The teacher sighed. “Look, I don’t condone name-calling or bullying. But even when they invite Trent to join in, he doesn’t want to unless he’s in charge of the game. He always wants to play with the same toys and he hates to share. Asperger’s Disorder or not, that doesn’t make for a good experience for anybody.”
Janine left the meeting frustrated, with no solutions. She could understand why other kids didn’t like Trent’s bossiness. It was a lot to ask elementary school kids to understand a disorder she didn’t always understand herself. She just wished Trent’s behavior didn’t result in kids turning on him. How could she help her son recognize and protect himself against bullying? Did Trent even see how the other kids treated him, beyond name calling, beyond being excluded from Wall Ball on the playground? Trent had never been invited to a birthday party, and when she occasionally went to have lunch with him at school, she noticed other boys shuffled around to avoid sitting next to her son at the lunch table. It had to hurt Trent in some way. It certainly hurt Janine.
Even now as Janine glanced cross the playground at Trent again, two boys walked up to the pile of dirt Trent was building. Janine held her breath, waiting. Maybe they’ll ask to play with you. If they do, please remember to share your shovel and bucket. She could hear the two boys chuckle. That could be a good sign. Then the shorter of the two boys kicked the pile of dirt at Trent.
As Janine stood up, Trent yelled, “Hey, give that back!” He pointed to his bucket and shovel, now in the hands of the taller boy.
“You’ll have to catch me,” the boy taunted.
Trent scrambled up, red-faced.

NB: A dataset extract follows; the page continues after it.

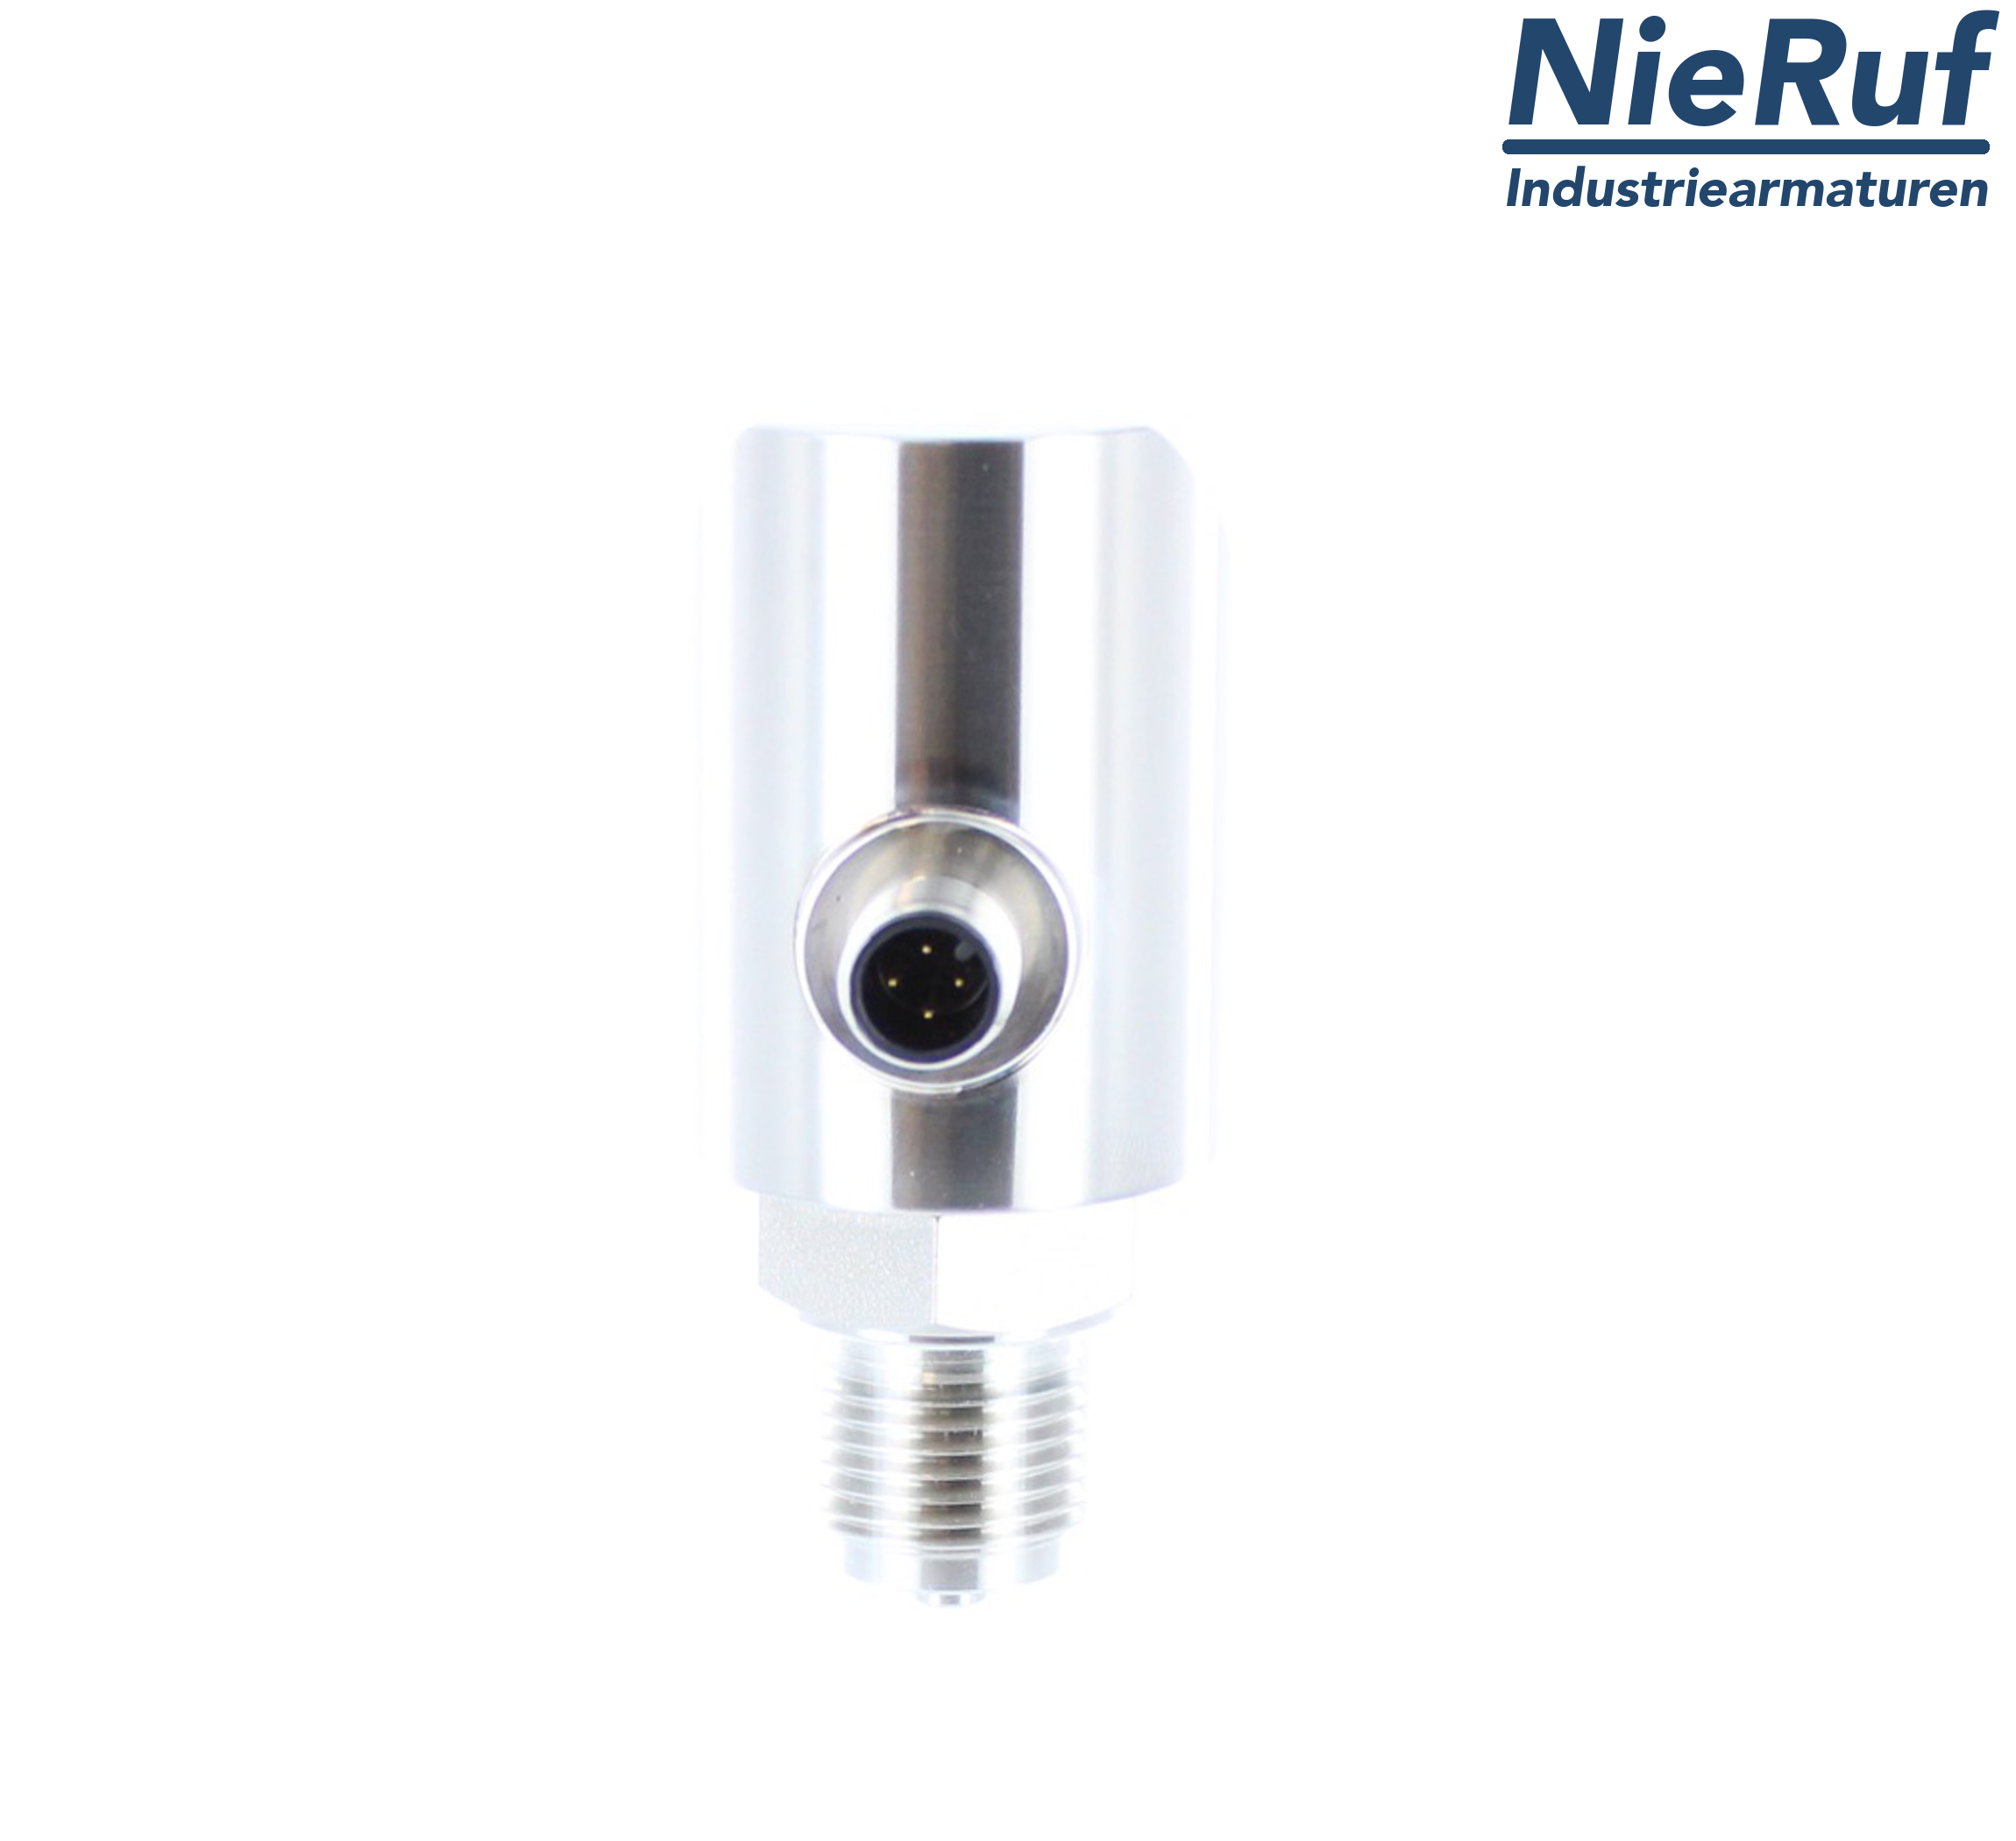 digital pressure sensor G 1/2" B 5-wire: 2xPNP, 1x4 - 20mA FPM 0,0 - 6,0 bar

The new boys took off, running across the playground as if it were an obstacle course, with Trent awkwardly chasing from behind.
With a quick check to ensure Lila was securely buckled in the stroller, Janine pushed the stroller as she ran, trying to catch up
The boys continued to dodge Trent, pausing behind the slide and swings so he could almost catch up, then running ahead again.

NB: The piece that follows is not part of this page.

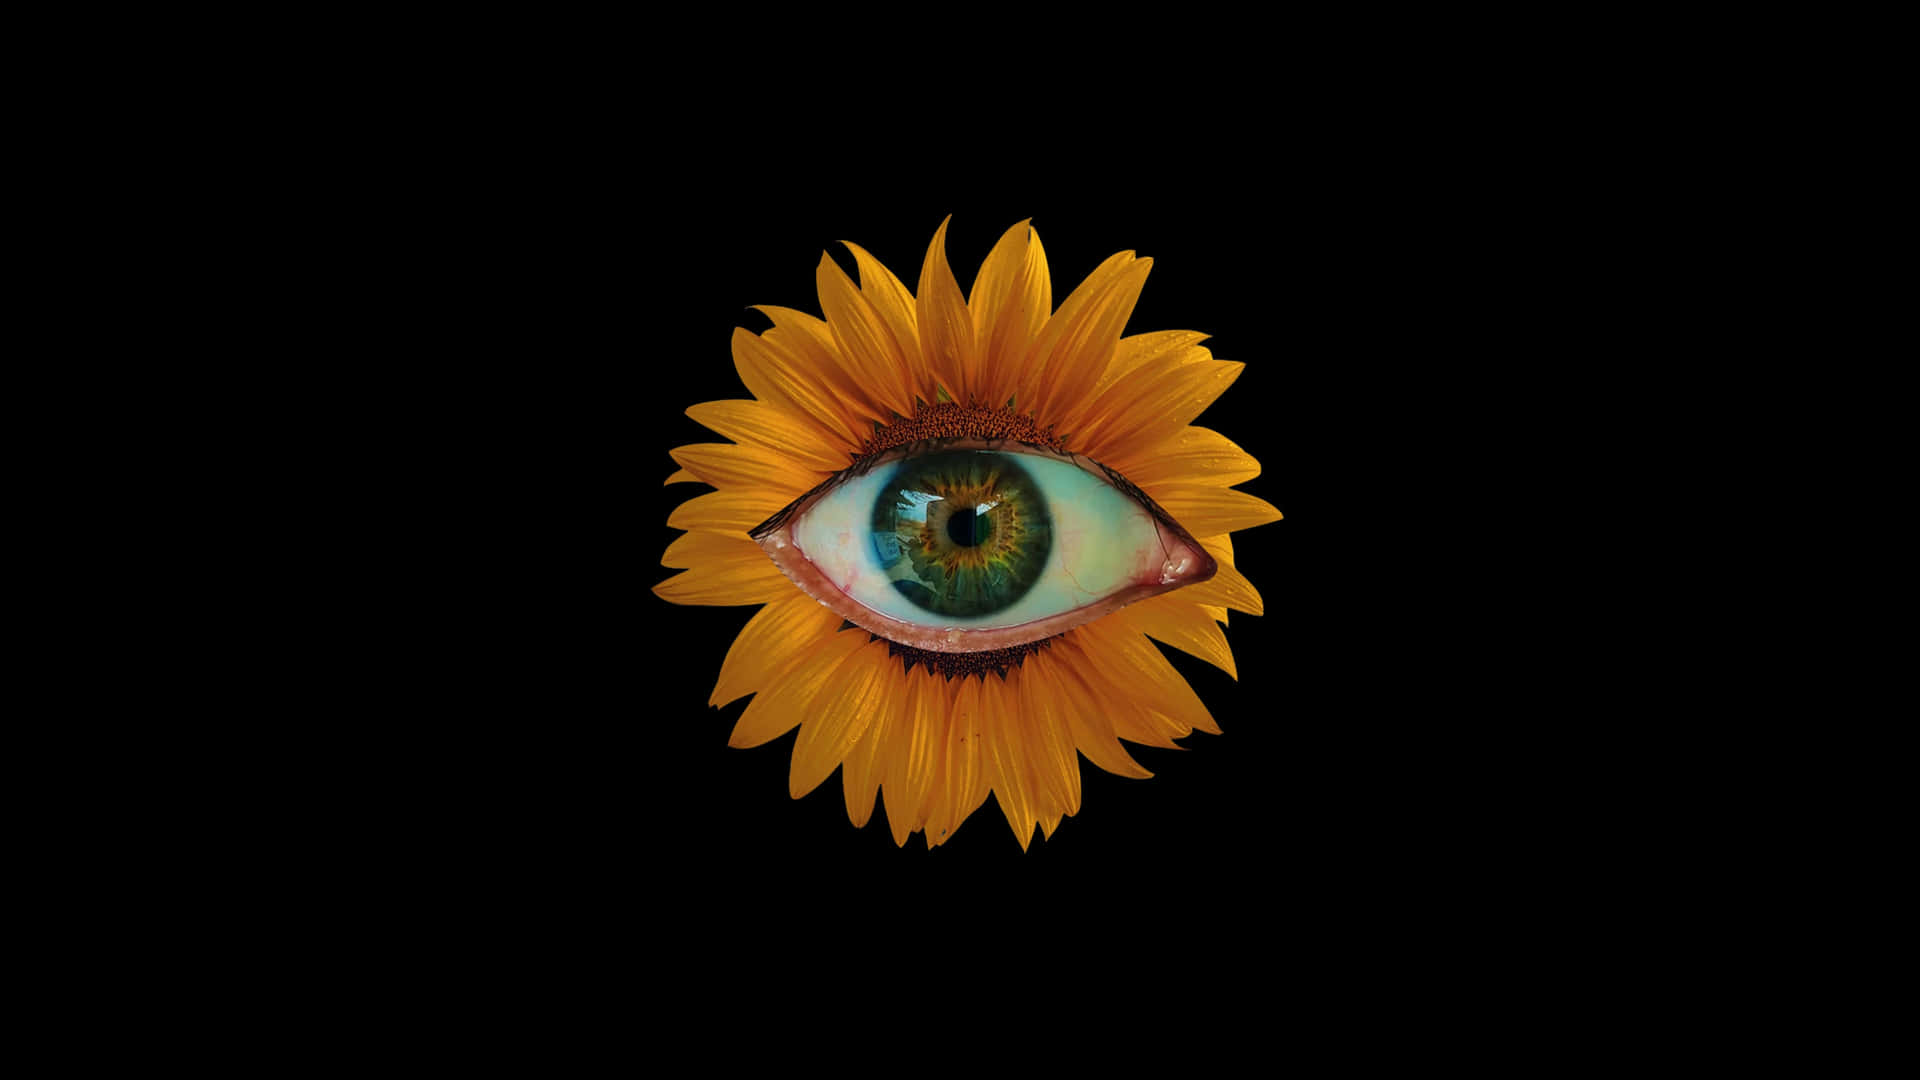 Sunflower Vision_ Surreal Art.jpg Wallpaper

“That’s my stuff! You took my stuff!!” Trent shouted, loud enough that the other parents in the park looked up.
“Hey! You boys! Give my son his toys back!” Janine yelled, catching up to Trent as the boys circled the sandbox once more. She put a calming hand on Trent’s shoulder. Trent stared at the boys, fists clenched, breathing heavily.
“Brice, Daniel—give that child back his toy!” a woman sitting on a bench near the playground called tiredly. “We’re going home.”

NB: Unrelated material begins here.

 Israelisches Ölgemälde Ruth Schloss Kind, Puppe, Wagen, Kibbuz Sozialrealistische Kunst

“Stupid kid,” the taller boy mumbled as he walked close to drop the shovel and bucket at Trent’s feet. “We were just playing with you.”
“Yeah. Just playing,” the shorter one chimed in.
Trent launched himself at the boys. The taller one dodged, but Trent tackled the shorter one, knocking him into the sandbox. Janine pulled Trent off, but not before he landed two punches.
“Get your kid off of my son!” The other mother ran to the sandbox and hauled her son up. “You okay, Daniel?” she asked, brushing sand out of his hair.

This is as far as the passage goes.